Welcome to my exploration of test scores from the 2018 CAASPP testing season! Since I, too, had to take this assessment at some point in high school, I want to make use of the data and see how the scores compare between schools - specifically, between public and charter schools.
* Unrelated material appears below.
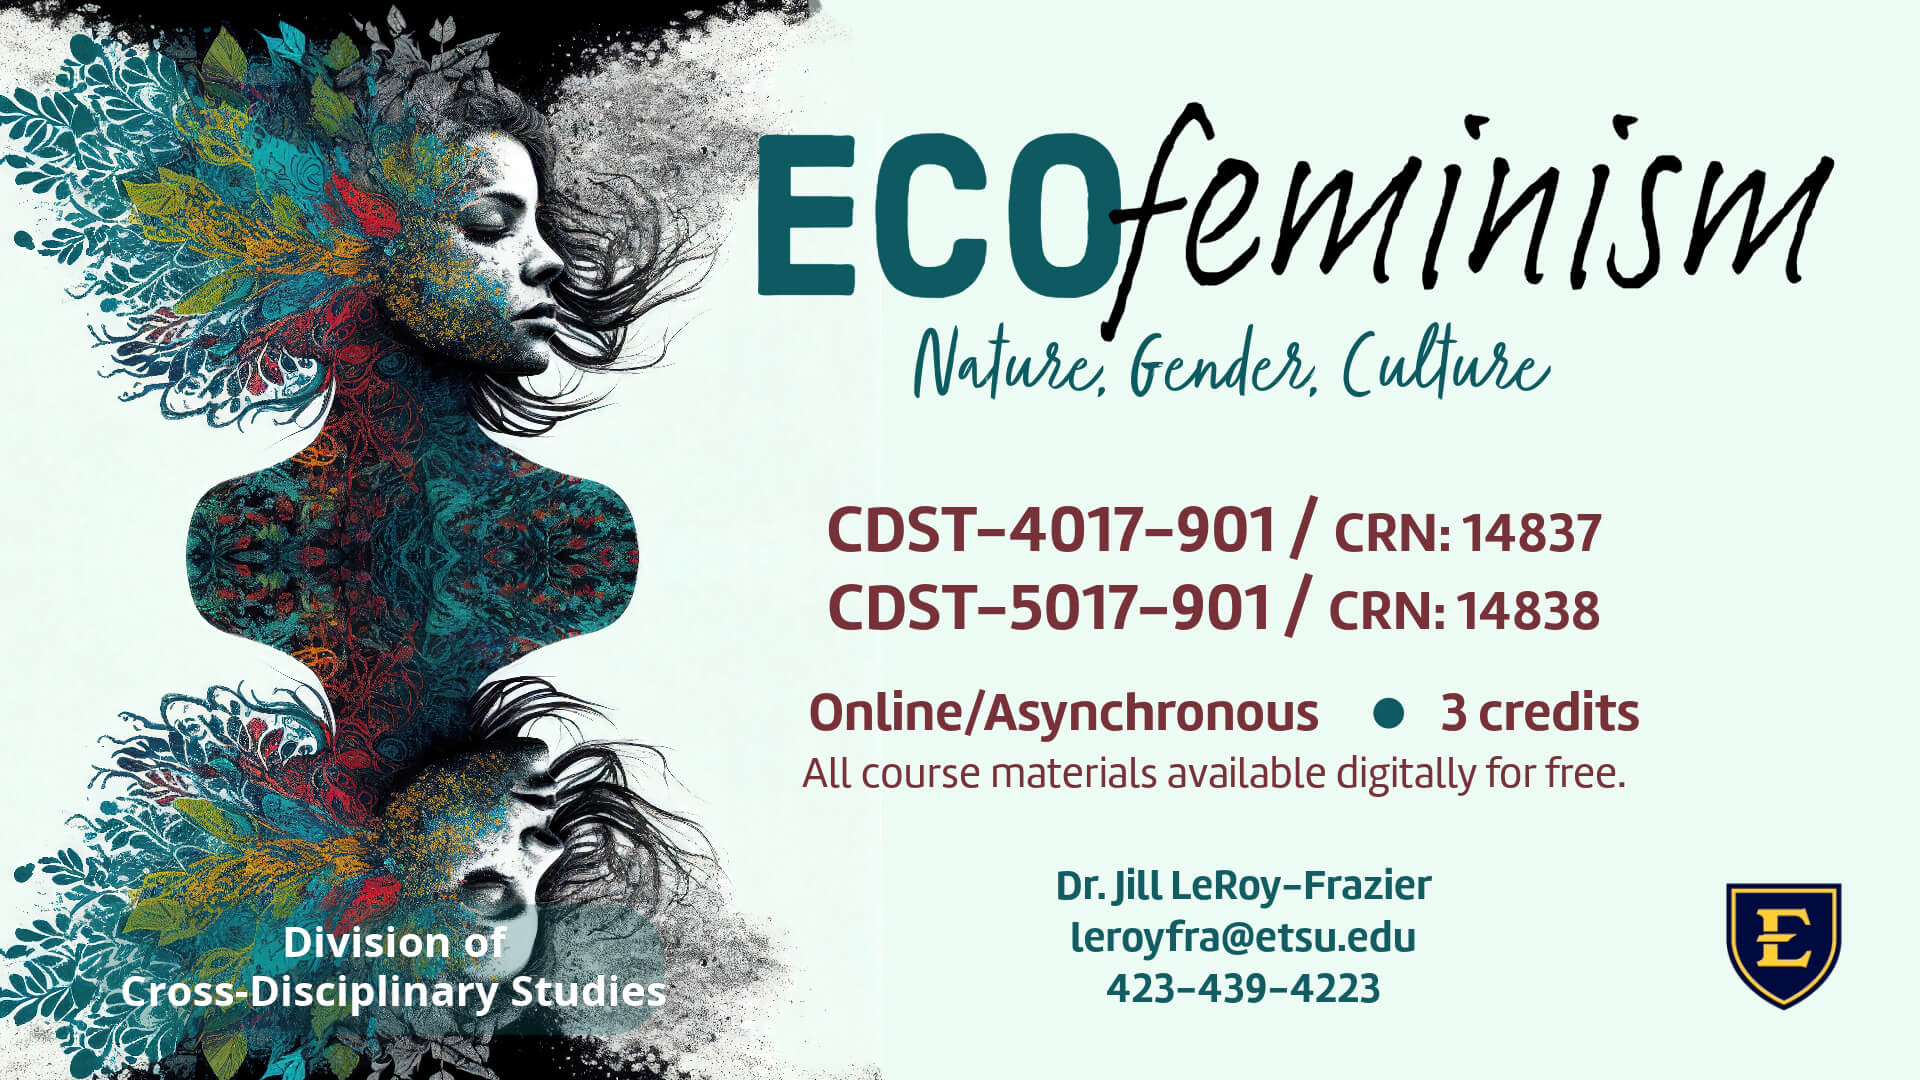 Ecofeminism: Nature, Gender, Culture

Hopefully, this will give us information on how students in schools with different structures of education systems perform.

I will be referring to certain columns in the data that aren't clear-cut, so the definitions of each column can be found [here](#https://caaspp.cde.ca.gov/sb2018/research_fixfileformat18).

Since we'll be working with dataframes, we need to import the pandas library in order to create and manipulate dataframes based on our csv files.
We're also going to be looking at statistics of the scores, so we'll need the numpy library to determine statistical values.

In [1]:
import pandas as pd
import numpy as np

Now we can open our csv files as dataframes.

In [2]:
file = pd.read_csv("2018/comma_delimited/csv.txt", delimiter=",", sep=" ")
file_info = pd.read_csv("2018/comma_delimited/csv_entities.txt", delimiter=",", sep=" ", encoding='latin-1')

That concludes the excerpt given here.